It is also questionable to what extent the reticent, intelligent T. G. Masaryk tolerated him side by side, and we know that he cooperated with him quite a bit. We also know that for the Slovaks the number one hero is Milan Rastislav Štefánik, who actively contributed to the creation of the first Czechoslovakia and who clearly hated Benes, and Benes hated him. So these human relations were very bad at that time.

Géza D. - There are serious reasons for that. I also followed it and found out what was the cause.
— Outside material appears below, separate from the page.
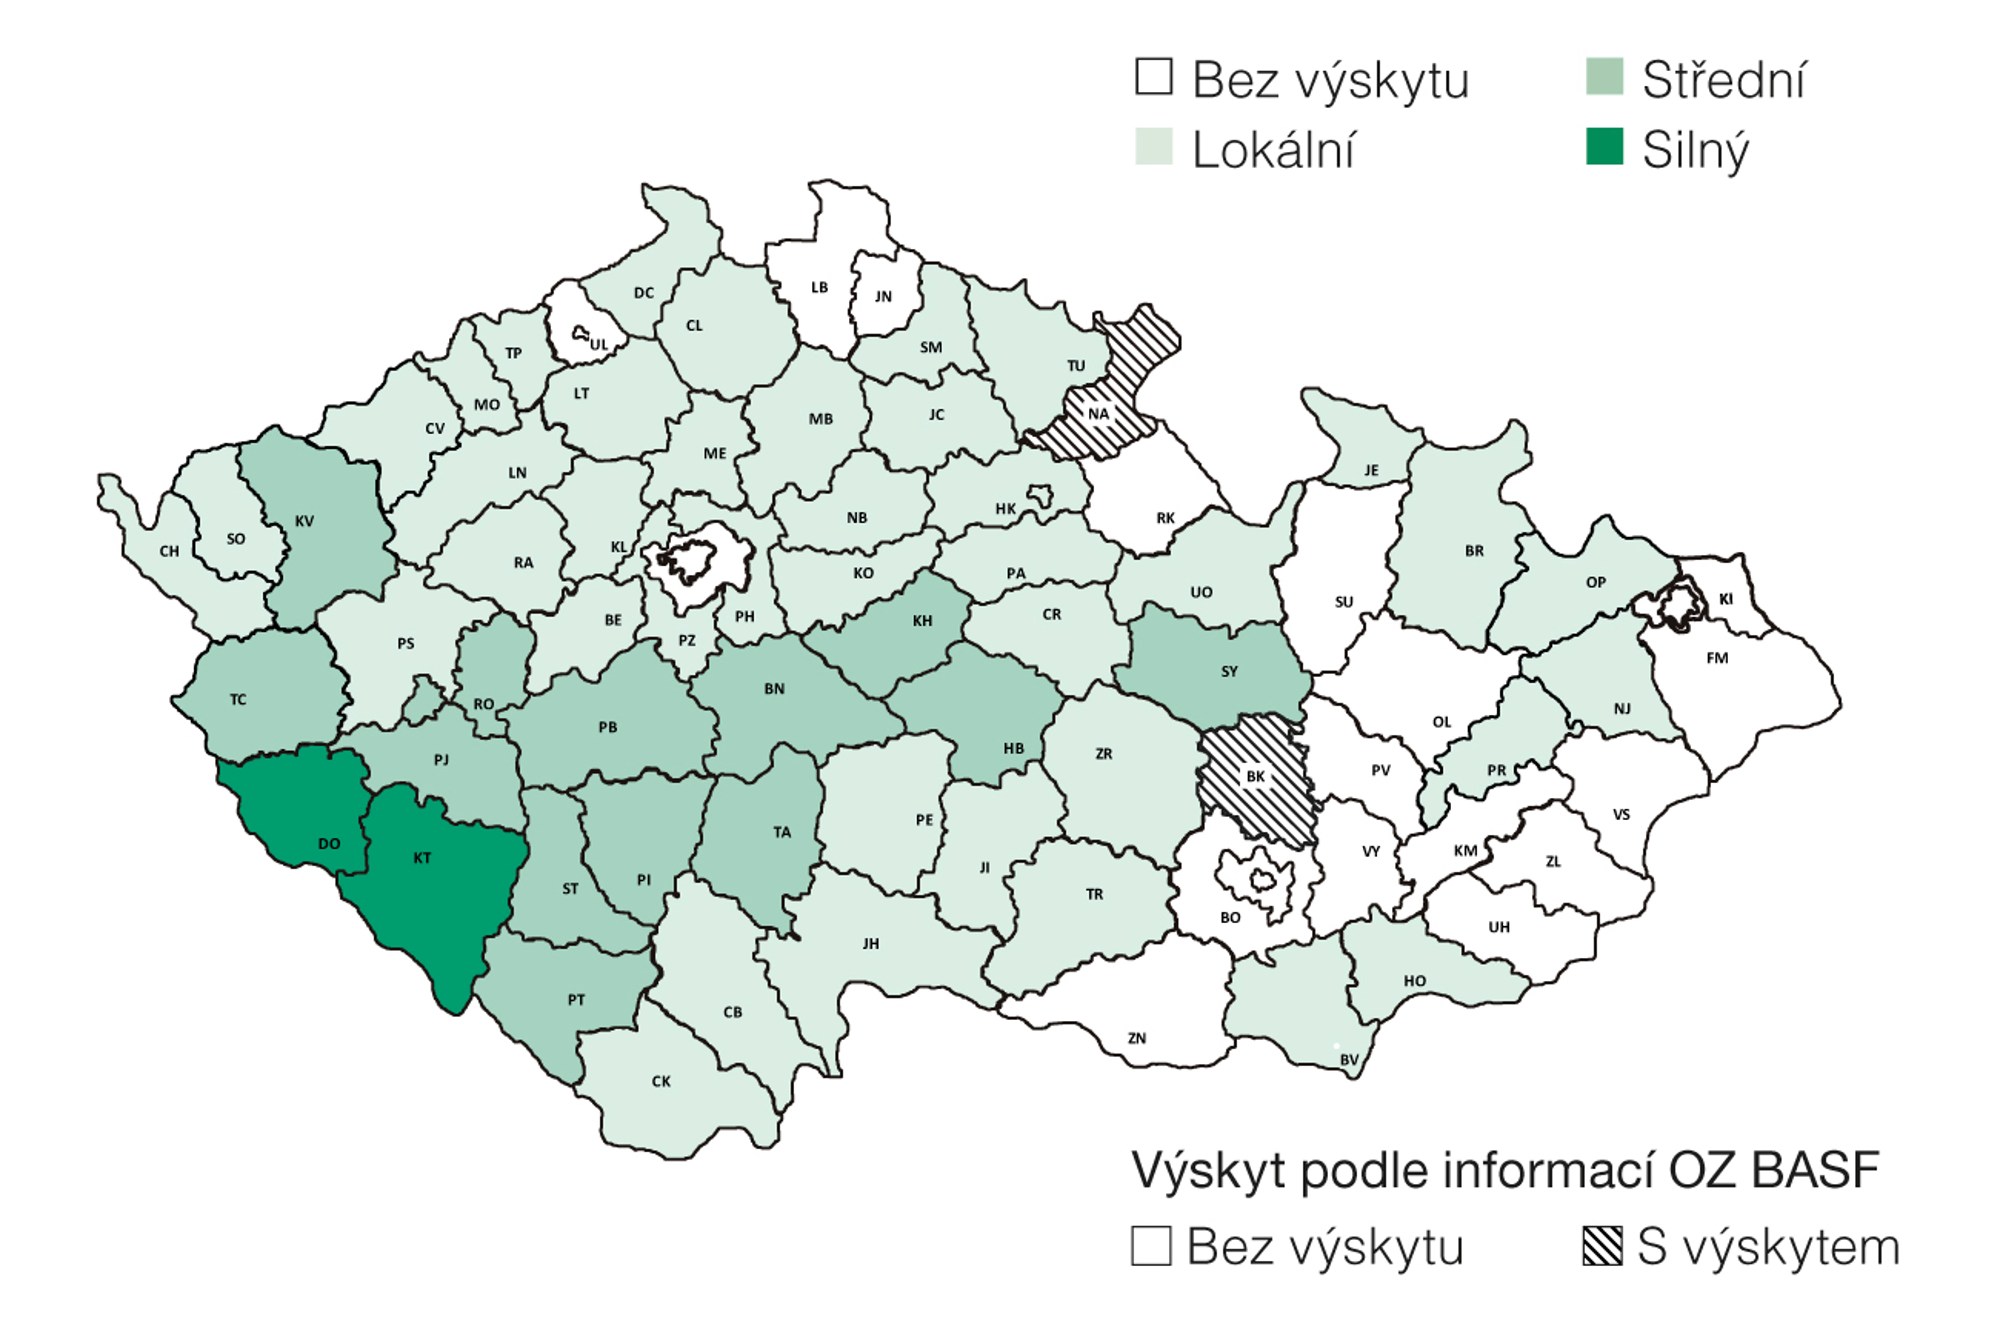 výskyt prliny rolní v ČR, SPZO (2017-2019)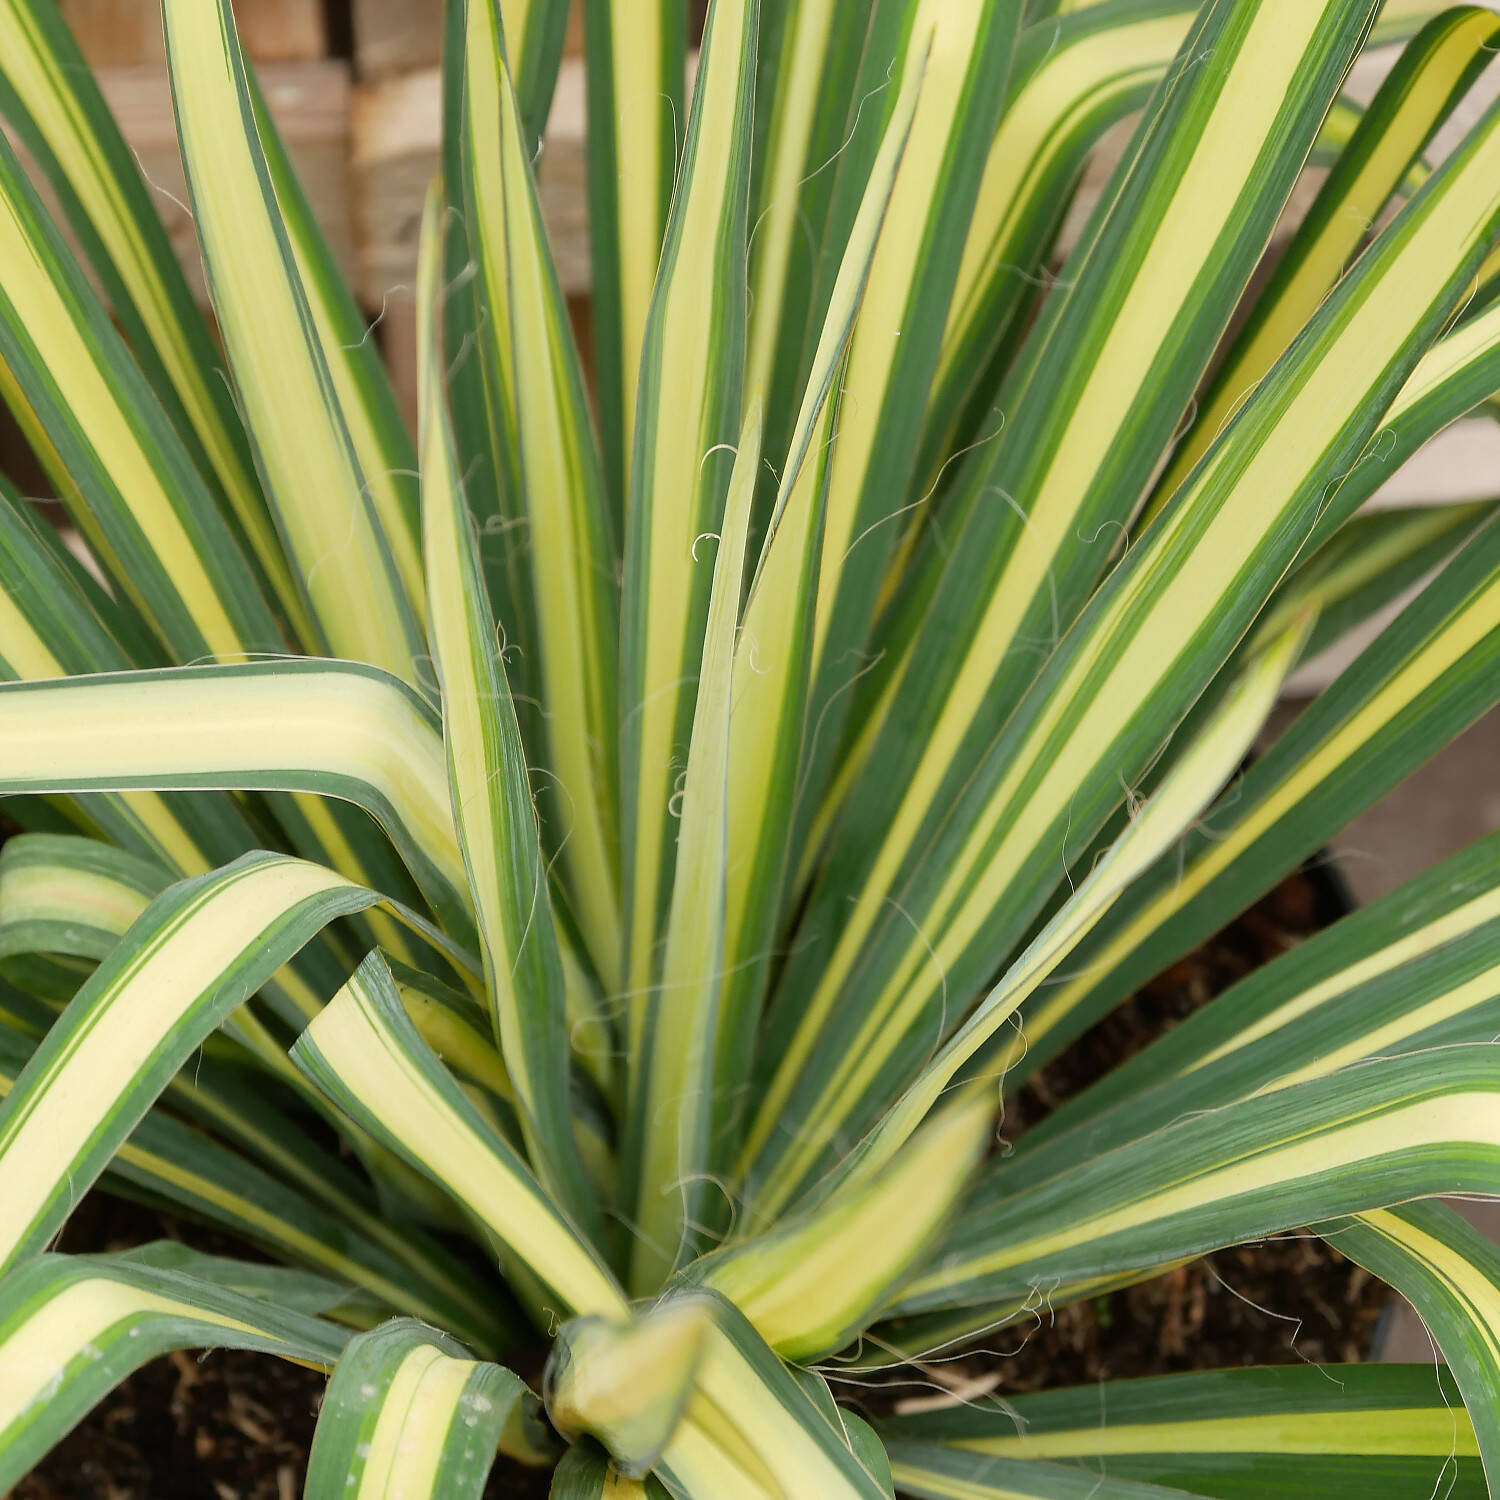  Palmlilie 'Golden Sword' - Yucca flaccida 'Golden Sword'

It is known that during and just after World War I, Czechs and Slovaks living in America organized a collection to arm the Czechoslovak legion soldiers in the Soviet Union, where the legionnaires were recruited from the Czech and Slovak prisoners there. Six million dollars were raised, which were delivered to Europe, to Geneva, and deposited in a bank in Masaryk's name. Benes was a political nobody at that time. He was only a lecturer in the department of Slavonic studies at the Sorbonne in Paris. But somehow he got his hands on the six million dollars. He convinced T. G. Masaryk that this money could even be doubled by playing in the casino in Monte Carlo, whereupon all six million dollars were collected and Benes lost the money. (This made T. G. Masaryk an accomplice and he had to tolerate him).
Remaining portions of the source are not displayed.